# Imac intel ecran gris... Impossible de demarrer



## Re drum (28 Avril 2012)

Bonjour tout le monde!!

Je possede un imac 24" intel avec osx 10.6.8.
Aucun probleme jusqua aujourd'hui. Hier je lai eteint normalement et ce matin il m'affiche un ecran gris. J'ai essayé toute les commande possible a partir de ce lien : http://support.apple.com/kb/HT1533?viewlocale=fr_FR

Les seule qui fonctionnent sont command+P+R et la touche option. 
Pour la touche option j'ai ma souris qui s'affiche et j'ai reussit a la faire bouger une foie. Mais cela dit c'et bien ma seule chose qui s'affiche a l'ecran. Tout le reste c'est du gris. Grisant!

Je possede un Macbook intel avec osx 10.6.8 aussi. Je ne suis pas sur d'avoir fait la commande correcte pour demarrer a partir du disque. Bref sans succes.

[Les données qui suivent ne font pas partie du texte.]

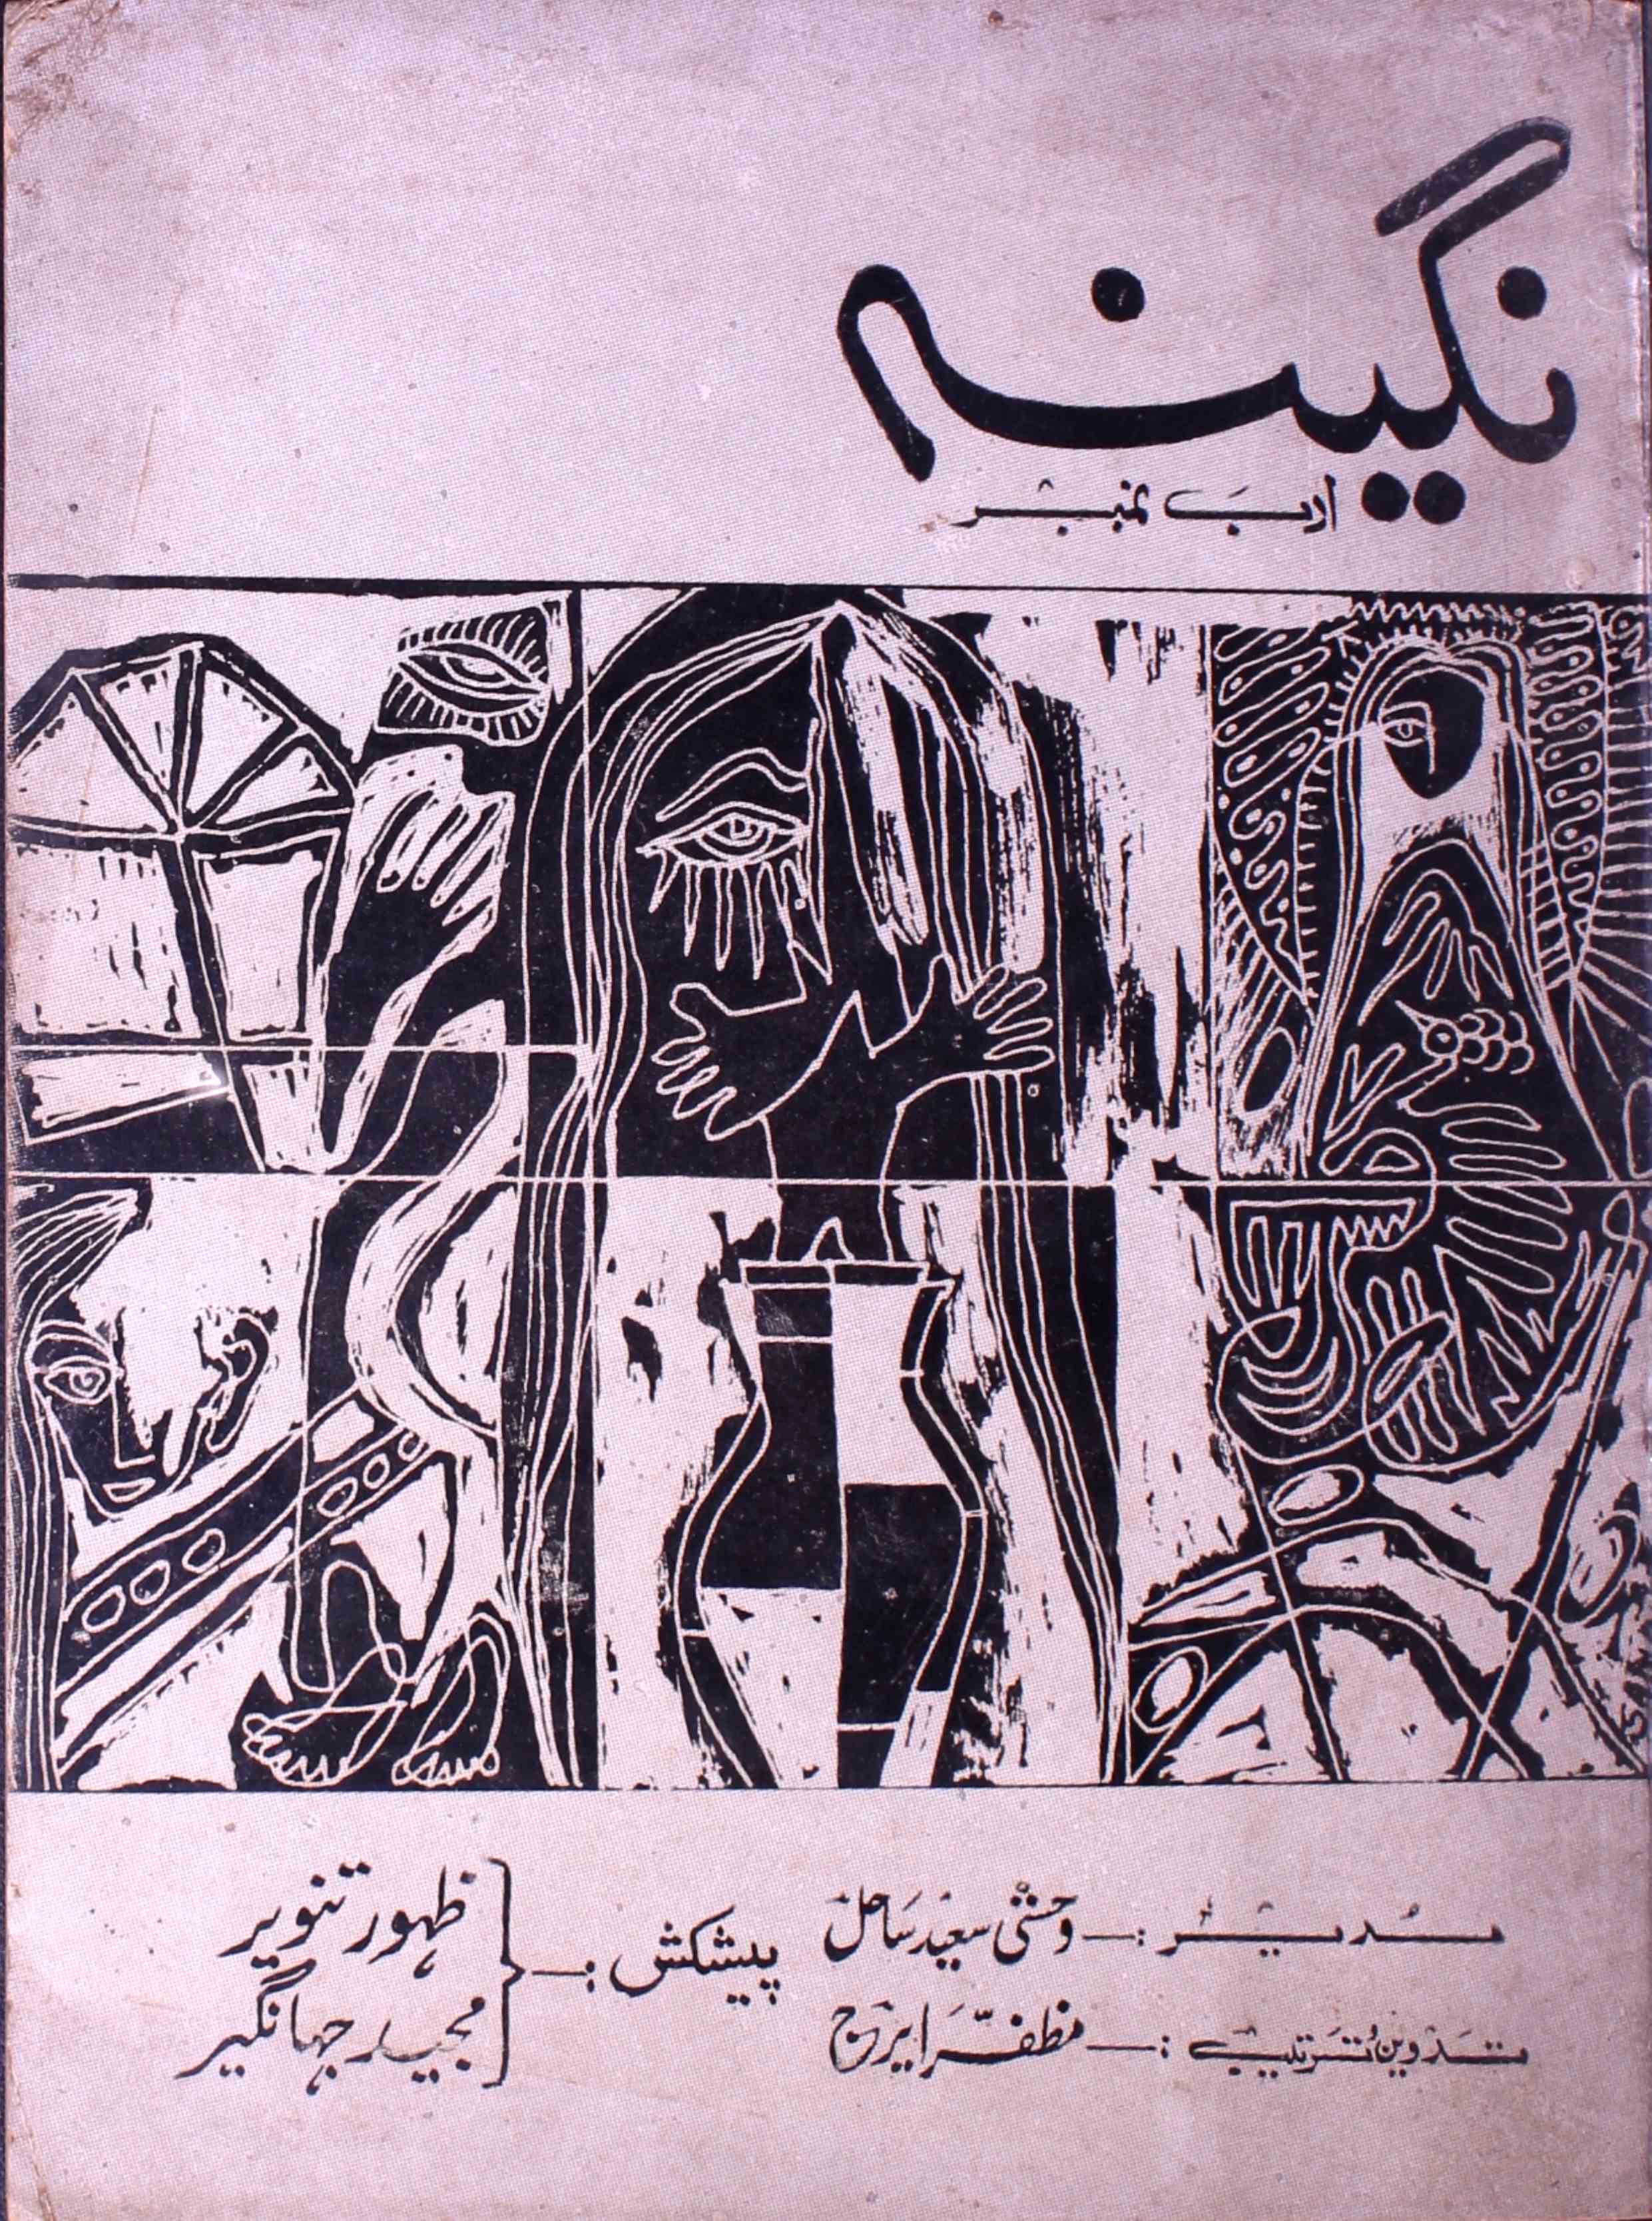 Nagina Jild 5 Shumara 1,2,3 Oct,Nov,Dec 1975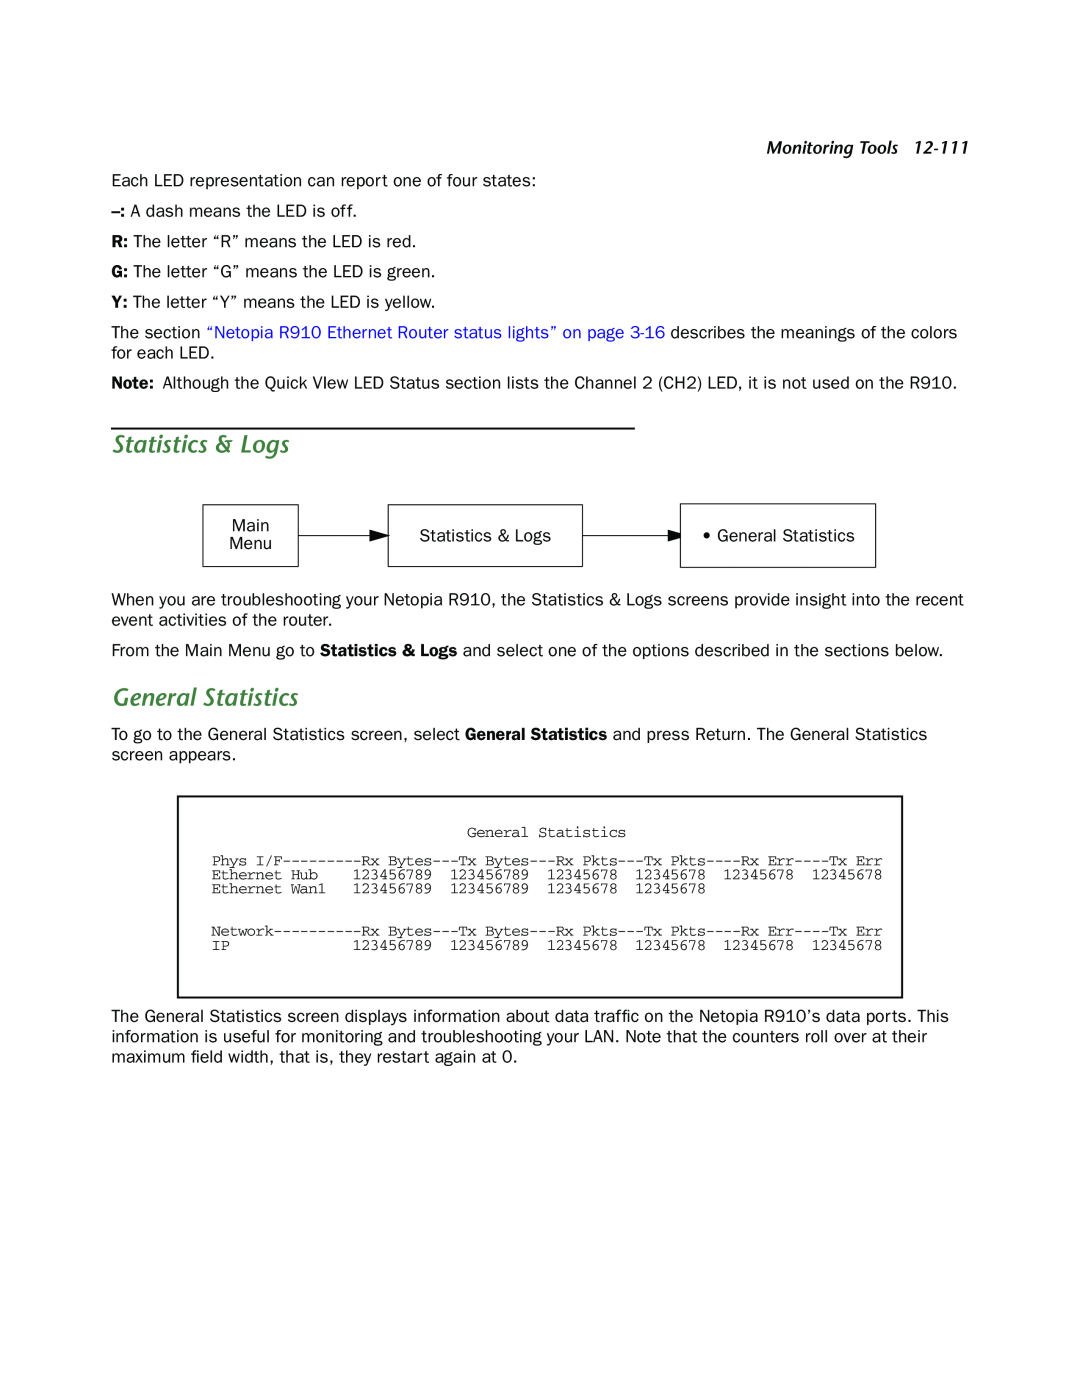 Netopia R910 manual Statistics & Logs, General Statistics, Monitoring Tools

Tout les peripherique sont debranché ainsi que l'onduleur.

Apres avoir fouiné un peu partout je penche pour une carte mere hs car au bout de 1h de test la sortie est plutot chaude par rapport a d'habitude. 

Voila si vous avez une idée  du souchi n'hesitez pas!


----------



## ValentinH (28 Avril 2012)

J'ai lu que beaucoup de problèmes d'écran blanc/gris venait d'un problèmes de disque dur. 
Le Mac n'a pas été déplacé ? As tu un petit icone finder ? As tu la possibilité de tester avec un autre disque ?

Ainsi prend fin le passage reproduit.